At what height above Earth's surface is the gravitational acceleration reduced from its sea-level value by 0.20%?
At what height above Earth's surface is the gravitational acceleration reduced from its sea-level value by 2.0%?
At what height above Earth's surface is the gravitational acceleration reduced from its sea-level value by 20%?
g = GM/r^2
so r = sqrt(GM/g)
g = 9.8 so .2% reduced = 9.8 - (.002*9.8)

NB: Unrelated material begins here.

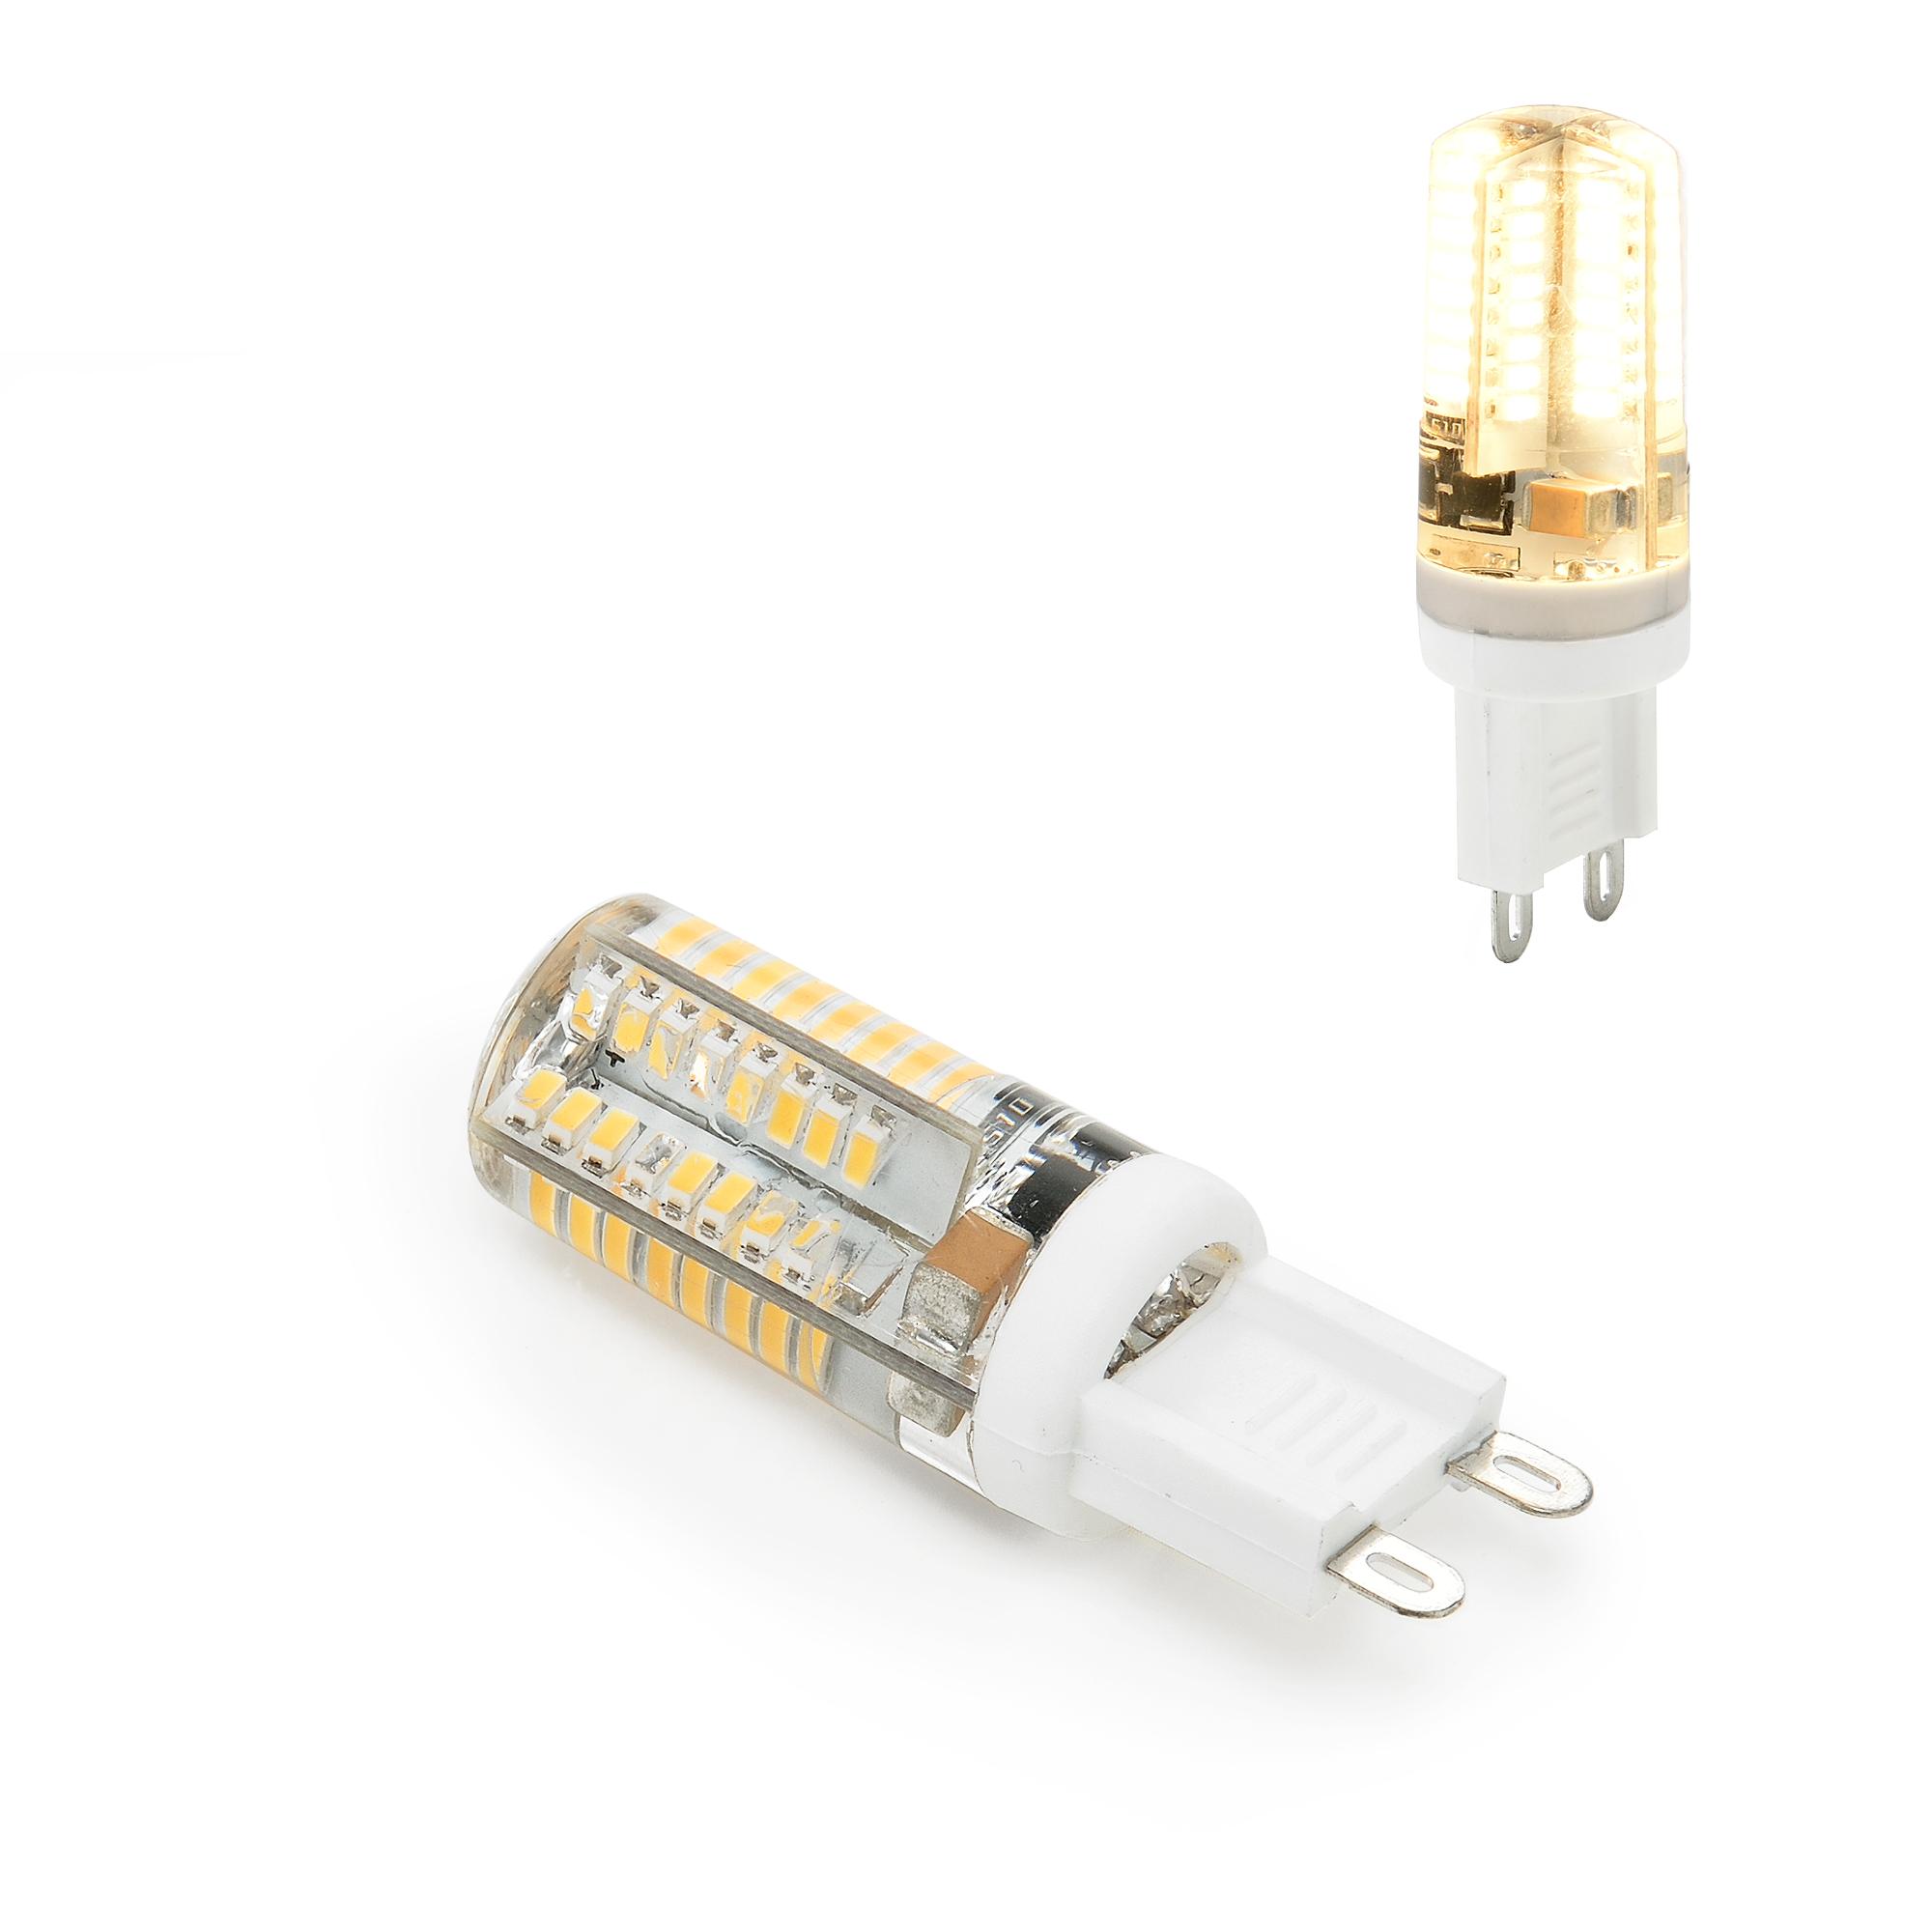 led leuchtmittel g9 g9 smd3528 led leuchtmittel birne lampe 3w 40w 23 leds g4 g9 stiftsockel. Black Bedroom Furniture Sets. Home Design Ideas

G = 6.67e-11 and M = 5.98e24 for Earth.
Lather rinse repeat.
Oh sorry. And you need to subtract the radius of the earth from your answer to get how high above the surface.
What am I doing wrong...
for .2%
g=9.8-(.002*9.8)
.0196 =9.7804
r=sqrt(GM/g)
sqrt(3.9886*10^14)/9.7804
6386044.4
6386044.4-6371000=15044 m or aprx 15 km
?
To find the height above Earth's surface where the gravitational acceleration is reduced by a certain percentage, we can use the following formula:
h = (100 - p)R/g
Where:
- h is the height above Earth's surface
- p is the percentage decrease in gravitational acceleration
- R is the radius of the Earth (approximately 6,371 km)
- g is the gravitational acceleration at sea level (approximately 9.8 m/s^2)
Let's calculate the height for each percentage decrease:
1. For a decrease of 0.20% (p = 0.20):
h = (100 - 0.20) * 6371 km / 9.8 m/s^2 ≈ 322.97 km
2. For a decrease of 2.0% (p = 2.0):
h = (100 - 2.0) * 6371 km / 9.8 m/s^2 ≈ 635.20 km
3. For a decrease of 20% (p = 20):
h = (100 - 20) * 6371 km / 9.8 m/s^2 ≈ 32,627.55 km
So, the heights above Earth's surface where the gravitational acceleration is reduced by 0.20%, 2.0%, and 20% are approximately 323 km, 635 km, and 32,628 km, respectively.